■ **Task item**:
For this exercise, the lines from the one with "Premium2 萬用banner2" through the final line of the data below are to be transcribed exactly, and pictures are to be skipped.

——

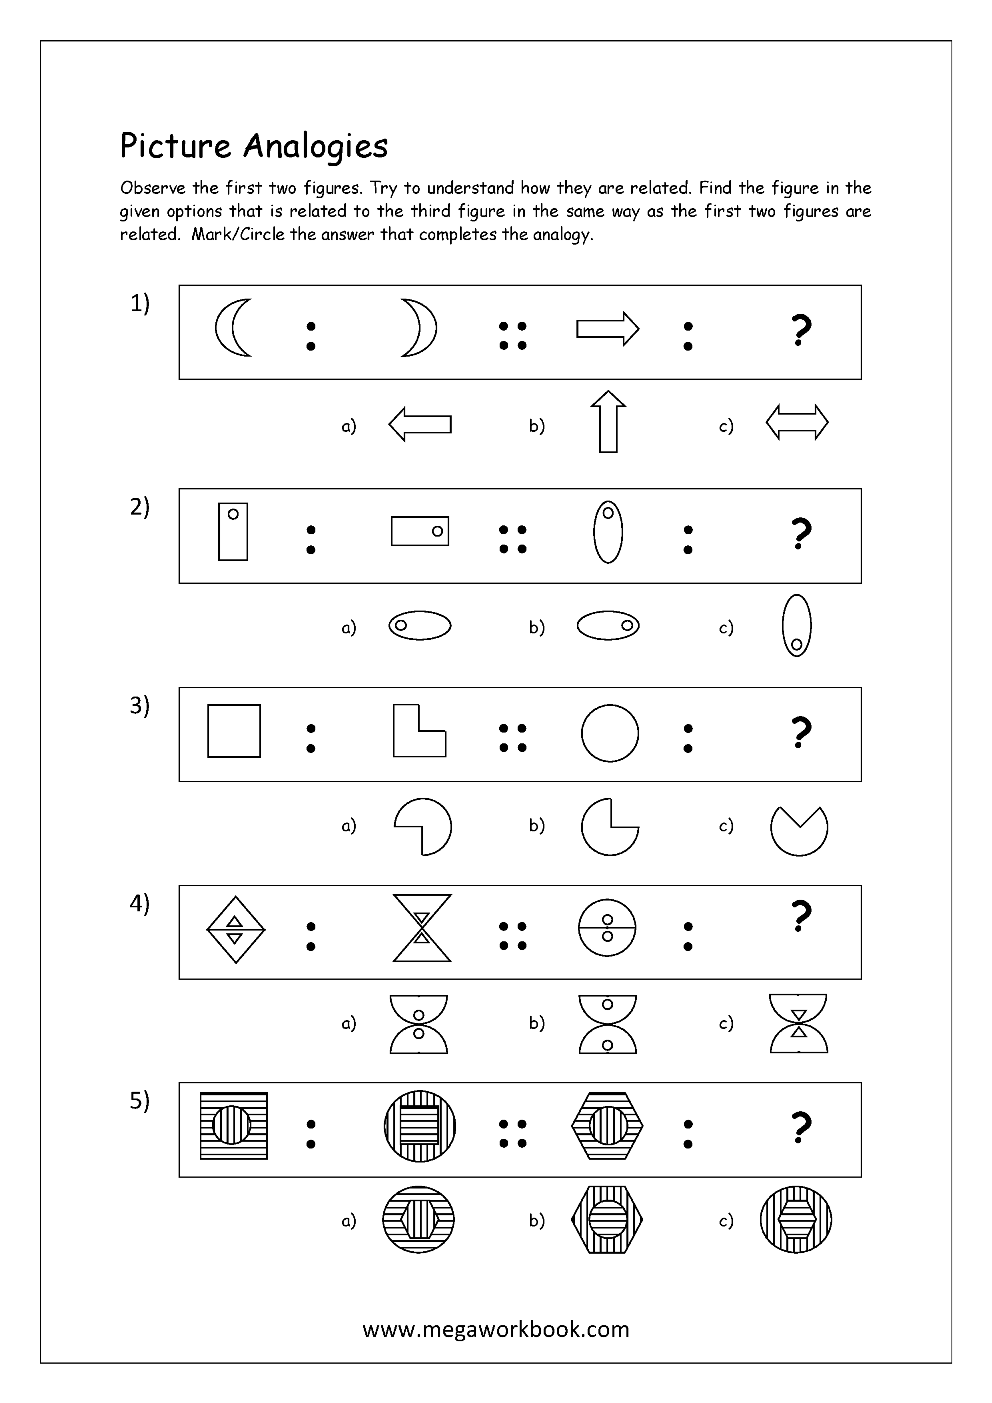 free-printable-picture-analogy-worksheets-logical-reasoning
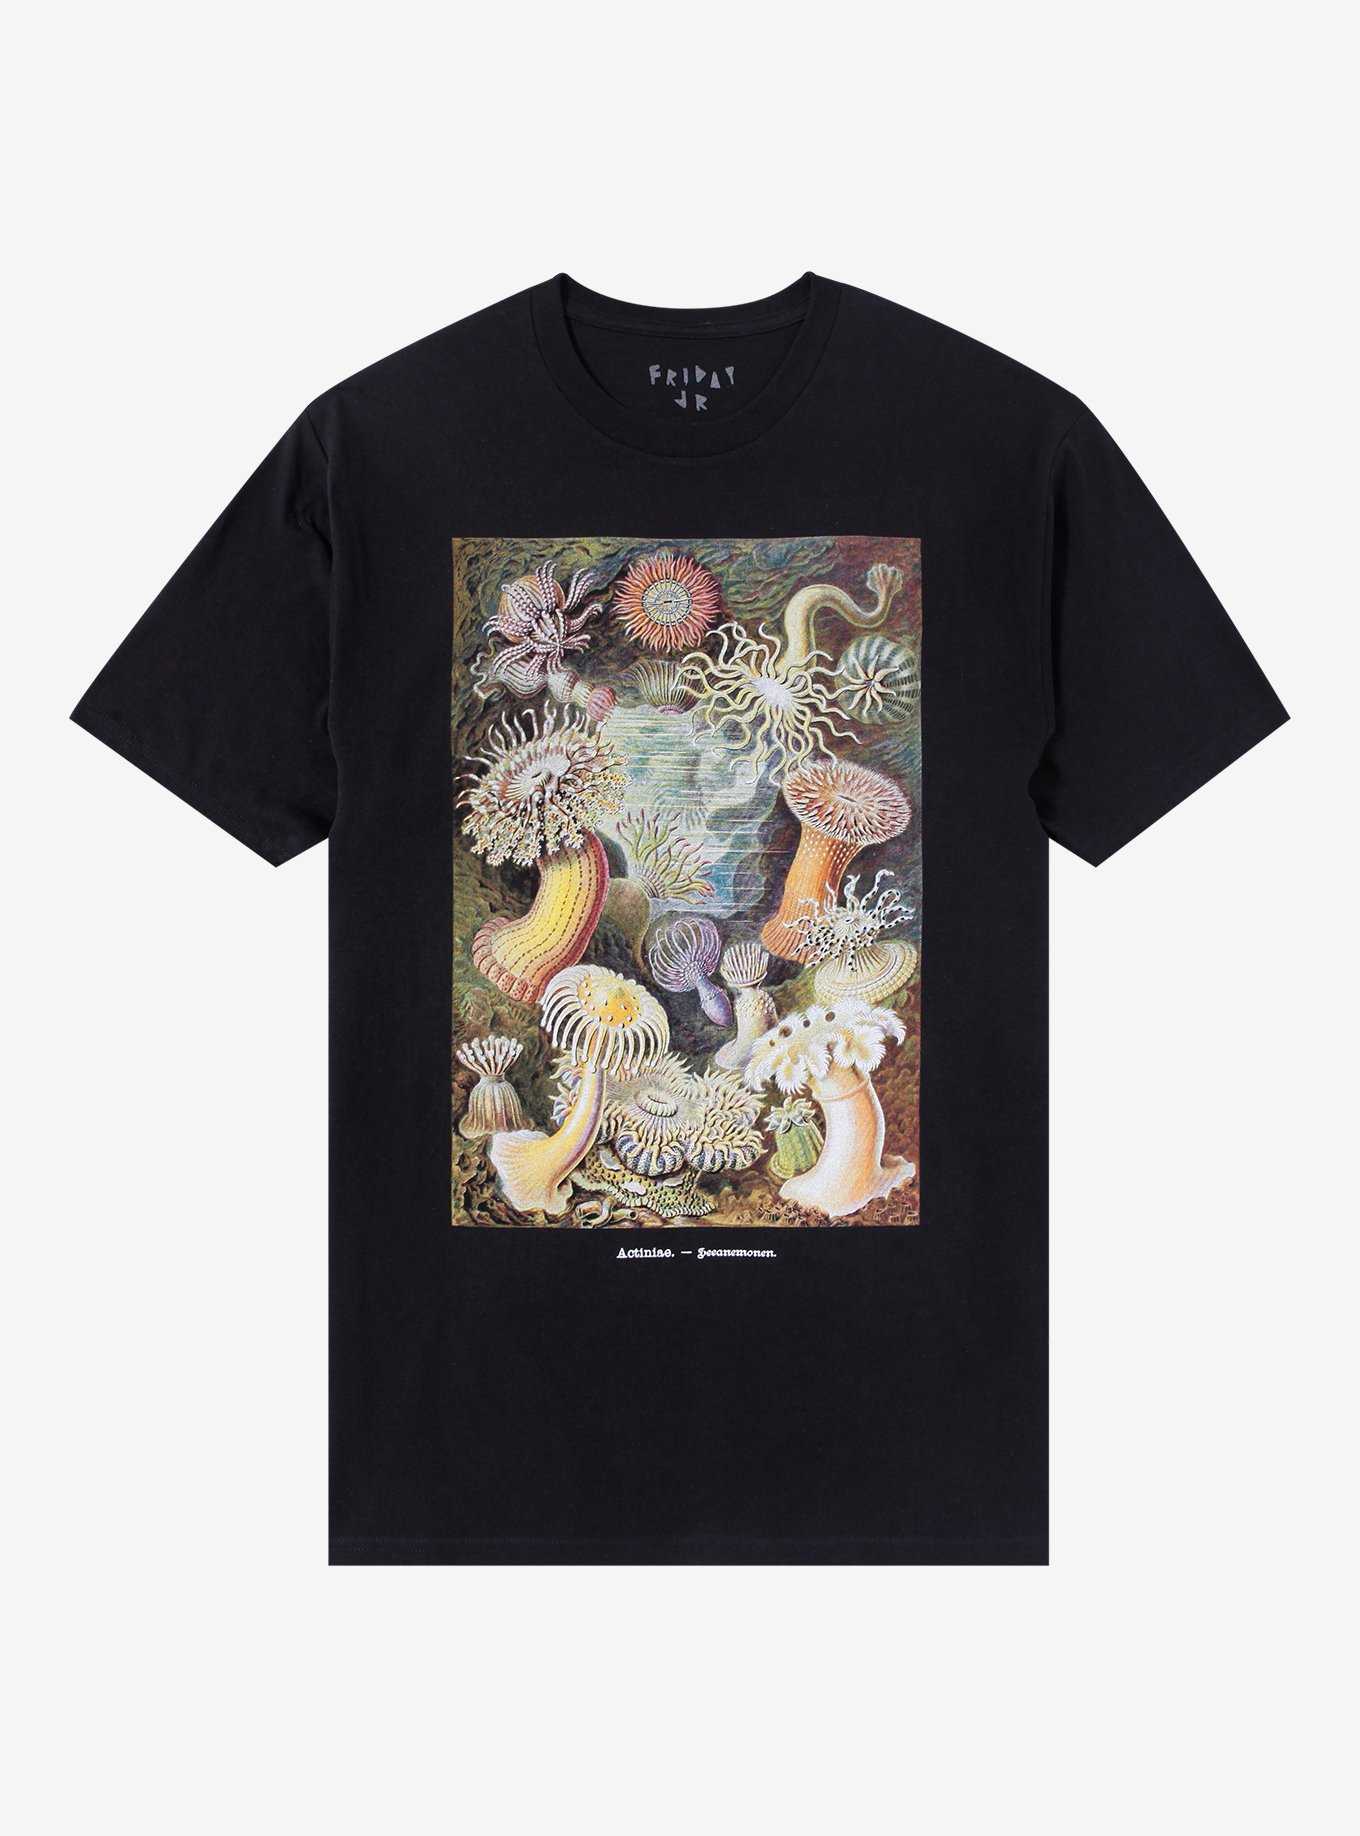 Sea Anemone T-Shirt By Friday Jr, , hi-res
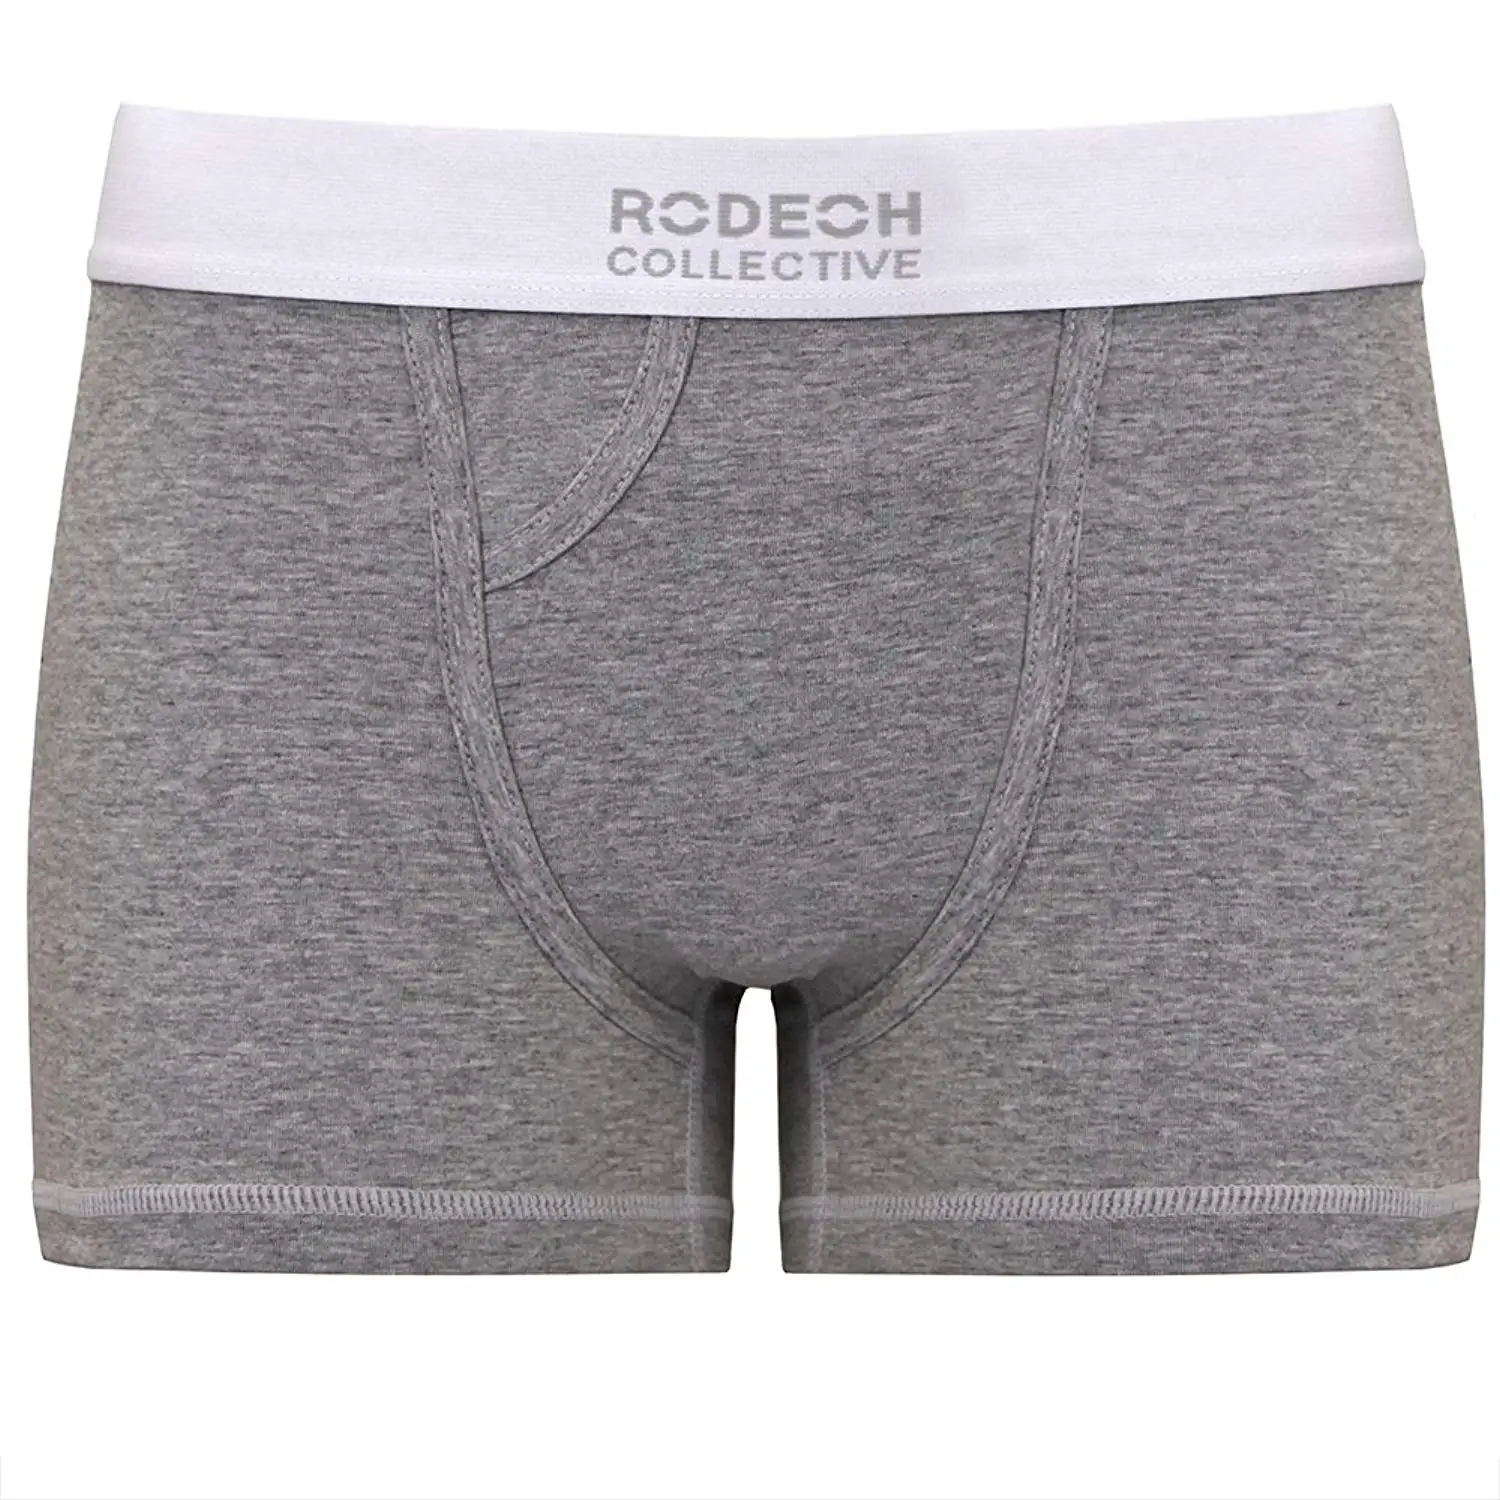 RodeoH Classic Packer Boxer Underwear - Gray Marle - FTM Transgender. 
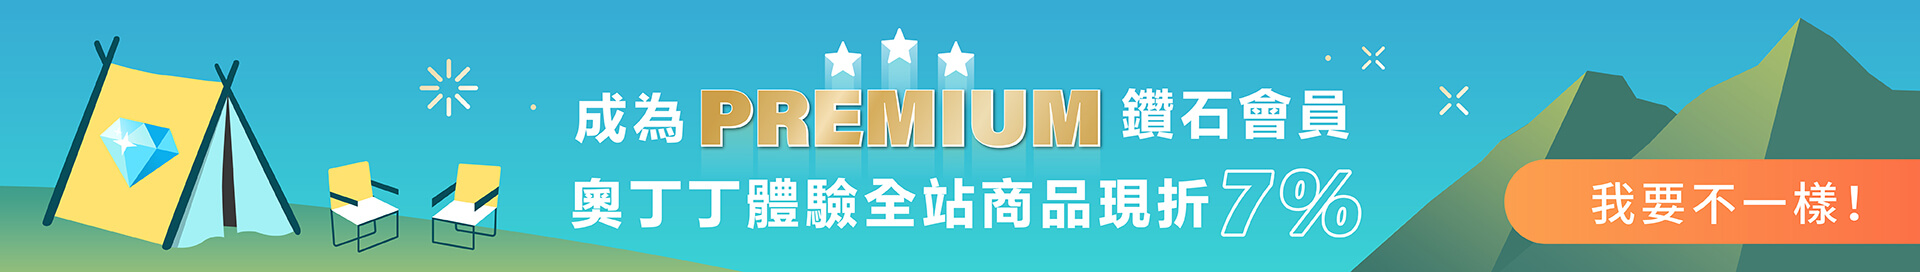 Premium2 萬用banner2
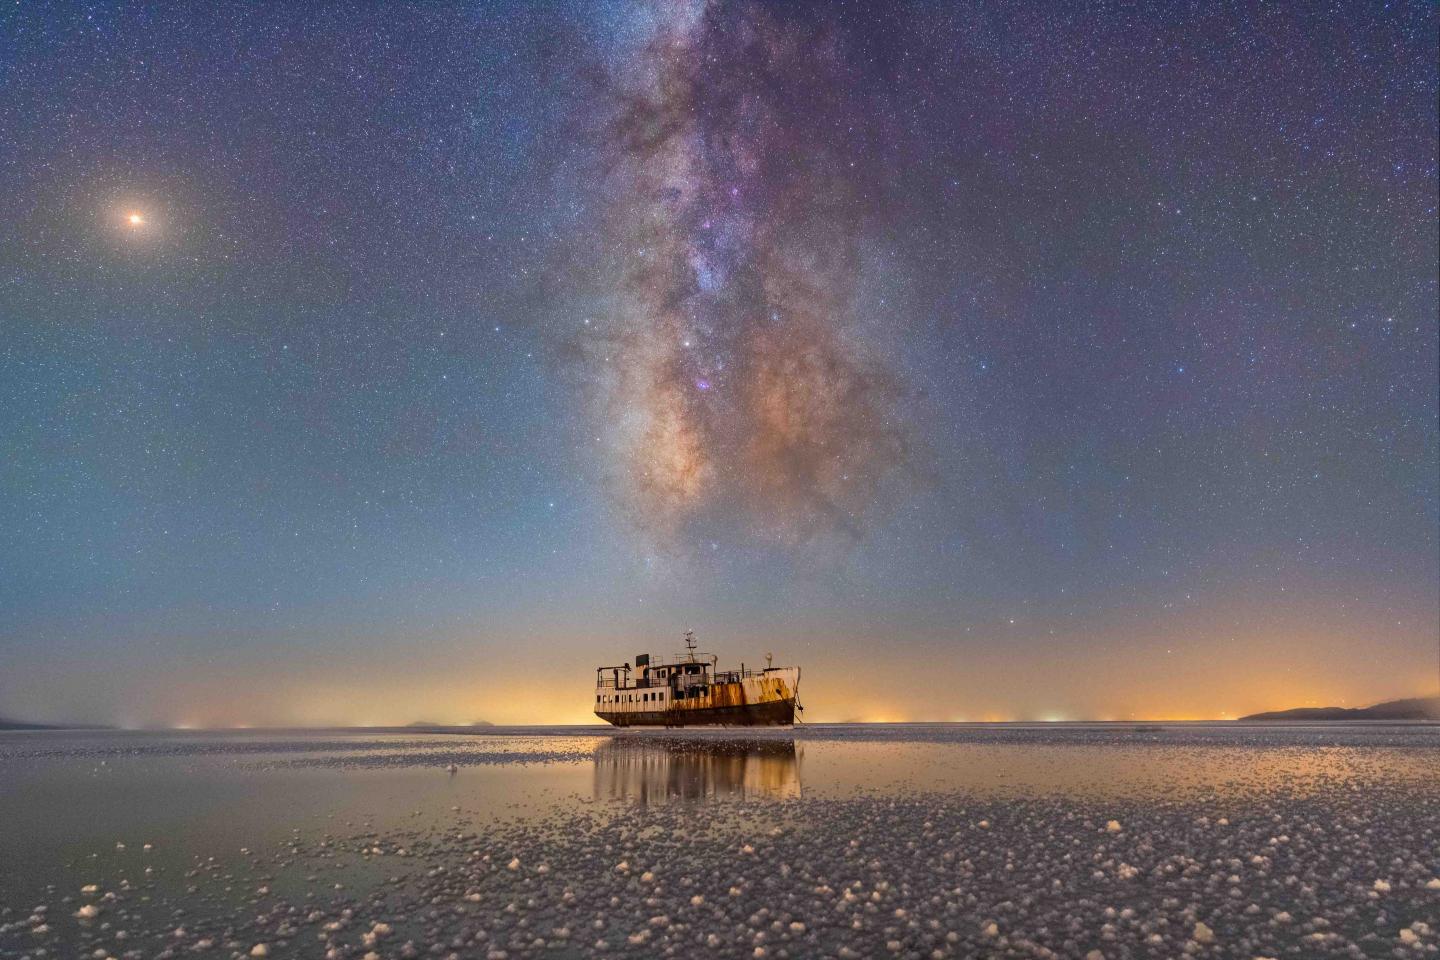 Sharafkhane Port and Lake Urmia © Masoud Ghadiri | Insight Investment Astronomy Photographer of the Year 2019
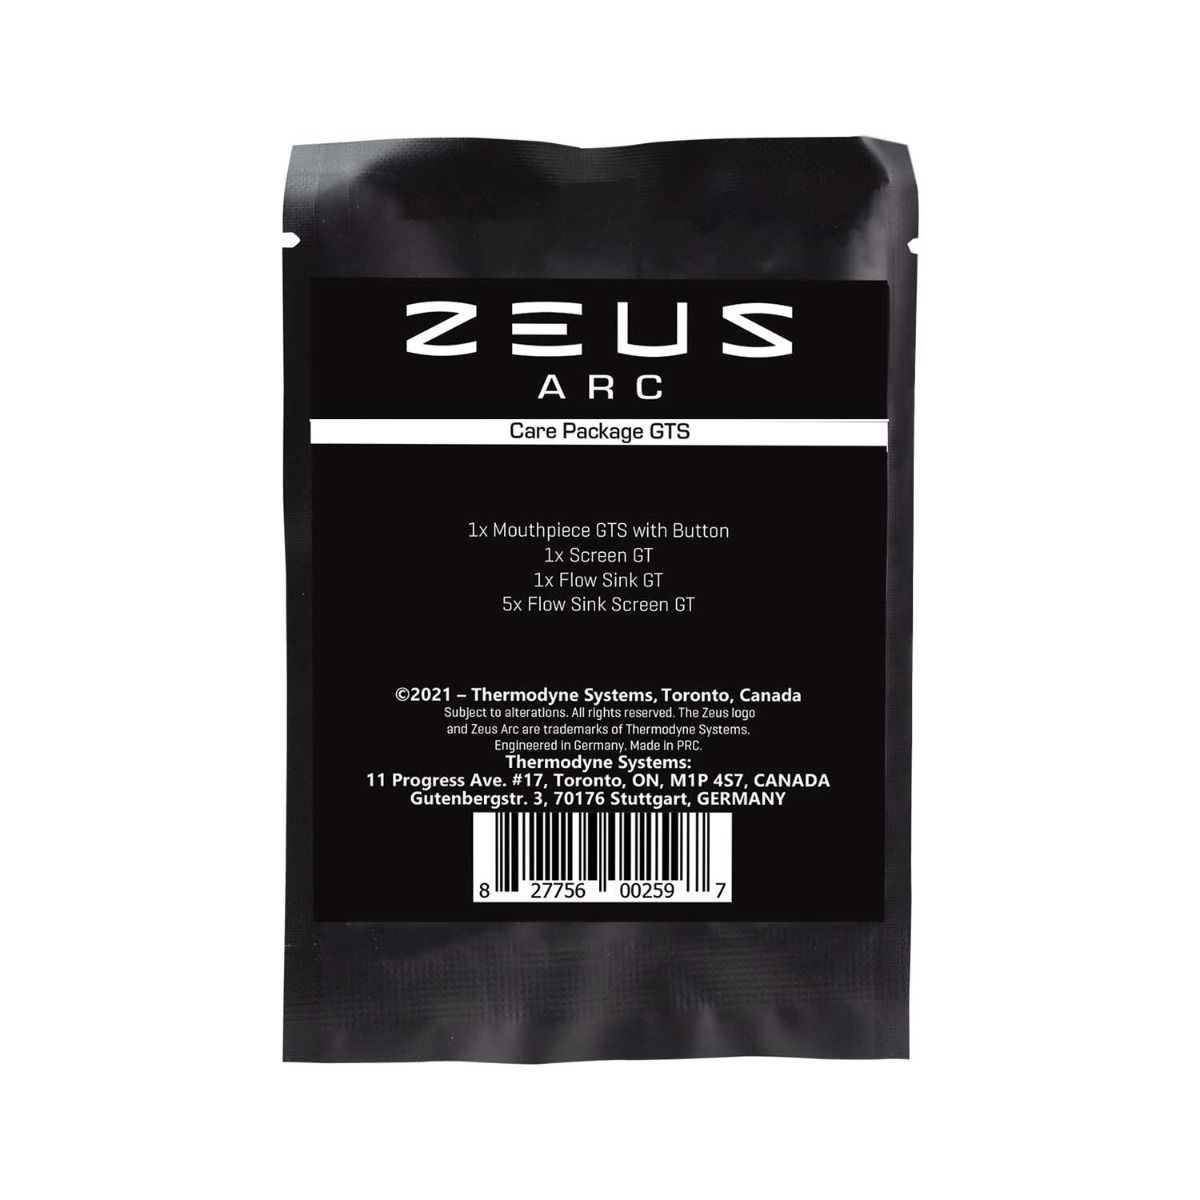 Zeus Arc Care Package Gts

——

■ **Your solution**:
 Premium2 萬用banner2
 Sharafkhane Port and Lake Urmia © Masoud Ghadiri | Insight Investment Astronomy Photographer of the Year 2019
 Zeus Arc Care Package Gts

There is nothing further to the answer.